5.3     De raad is voorts van oordeel dat het exploit d.d. 20 oktober 2011 inhoudelijk onjuist is. Het exploit bevat immers een bevel tot betaling, terwijl verweersters cliënte in haar hoedanigheid van executeur-testamentair haar kindsdeel vanuit de ervenrekening aan zichzelf kon uitbetalen. In het exploit werd derhalve aanspraak gemaakt op nakoming van een niet-bestaande verbintenis. Nu het exploit in opdracht van verweerster is betekend is zij verantwoordelijk voor de inhoud ervan. De stelling van verweerster dat zij geen kennis heeft genomen van de inhoud van het exploit voordat dit door de deurwaarder werd betekend maakt dit niet anders. De raad is van oordeel dat het in dat geval op de weg van verweerster had gelegen om, toen zij kennis nam van de inhoudelijke onjuistheid van het exploit, een herstelexploit aan klaagster te doen uitbrengen. Verweerster heeft dit nagelaten. Aldus heeft verweerster niet gehandeld zoals het een behoorlijk advocaat betaamt. Ook dit onderdeel van de klacht is derhalve gegrond.

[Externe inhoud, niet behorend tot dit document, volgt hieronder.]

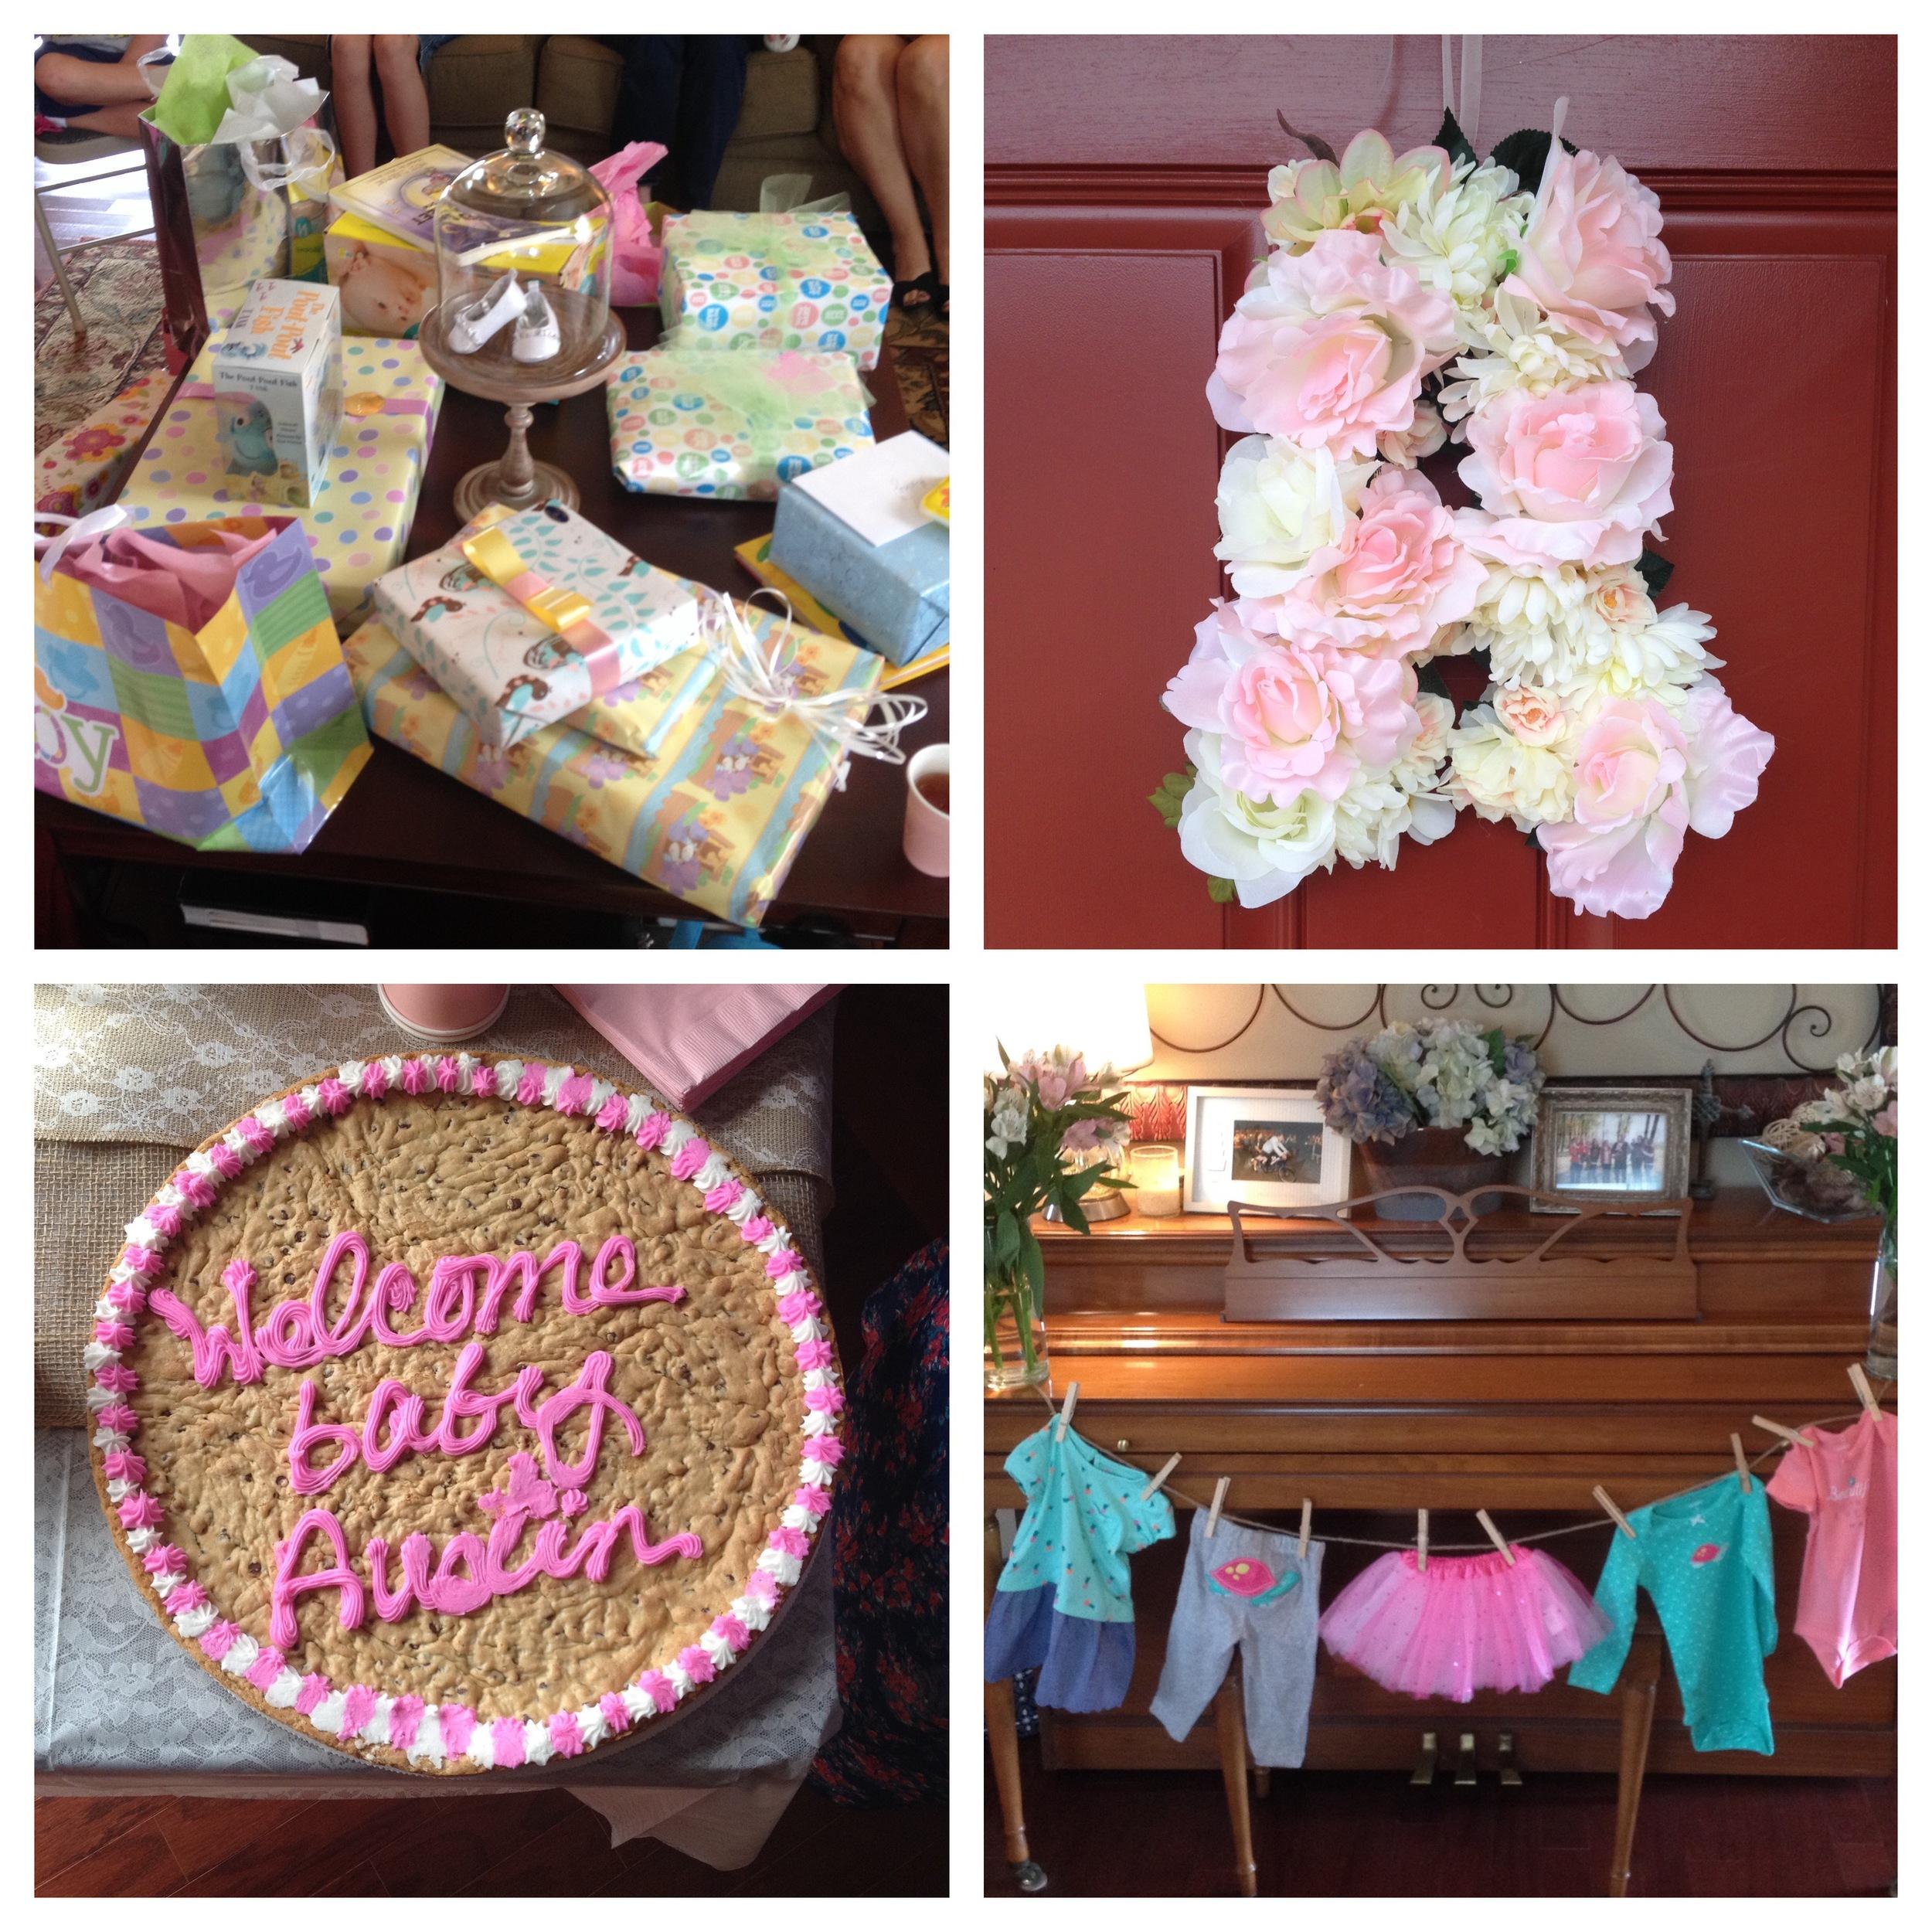 Austin's baby shower in Greenville!

5.4     De raad komt tot de slotsom dat de klacht in haar beide onderdelen gegrond moet worden verklaard.

6        MAATREGEL

6.1     De raad acht een enkele waarschuwing een passende maatregel.

 

             

BESLISSING

De raad van discipline:

verklaart de klacht in beide onderdelen gegrond en legt ter zake aan verweerster op een enkele waarschuwing.

 

Aldus beslist door mr. E.P. van Unen, voorzitter, mrs. E.P.C.M. Teeuwen, A.L.W.G. Houtakkers, P.J.W.M. Theunissen, J.D.E. van den Heuvel, leden, bijgestaan door mr. Th.H.G. van de Langenberg als griffier, en uitgesproken ter openbare zitting van de raad van 2 juli 2012

 

 

 

griffier                                                                         voorzitter                                     

 

 

 

Deze beslissing is in afschrift op  4 juli 2012    

 

per aangetekende brief verzonden aan:

-         klaagster

-         verweerster

-        de deken van de Orde van Advocaten in het arrondissement ‘s-Hertogenbosch

-         de deken van de Nederlandse Orde van Advocaten.

 

Van deze beslissing kan hoger beroep bij het Hof van Discipline worden ingesteld door:

-         verweerster

-        de deken van de Nederlandse Orde van Advocaten

Het hoger beroep moet binnen een termijn van 30 dagen na verzending van de beslissing worden ingesteld door middel van indiening van een beroepschrift, waarin de gronden van het beroep zijn vermeld en van een motivering zijn voorzien. Het beroepschrift moet in zevenvoud worden ingediend tezamen met zes afschriften van de beslissing waarvan beroep.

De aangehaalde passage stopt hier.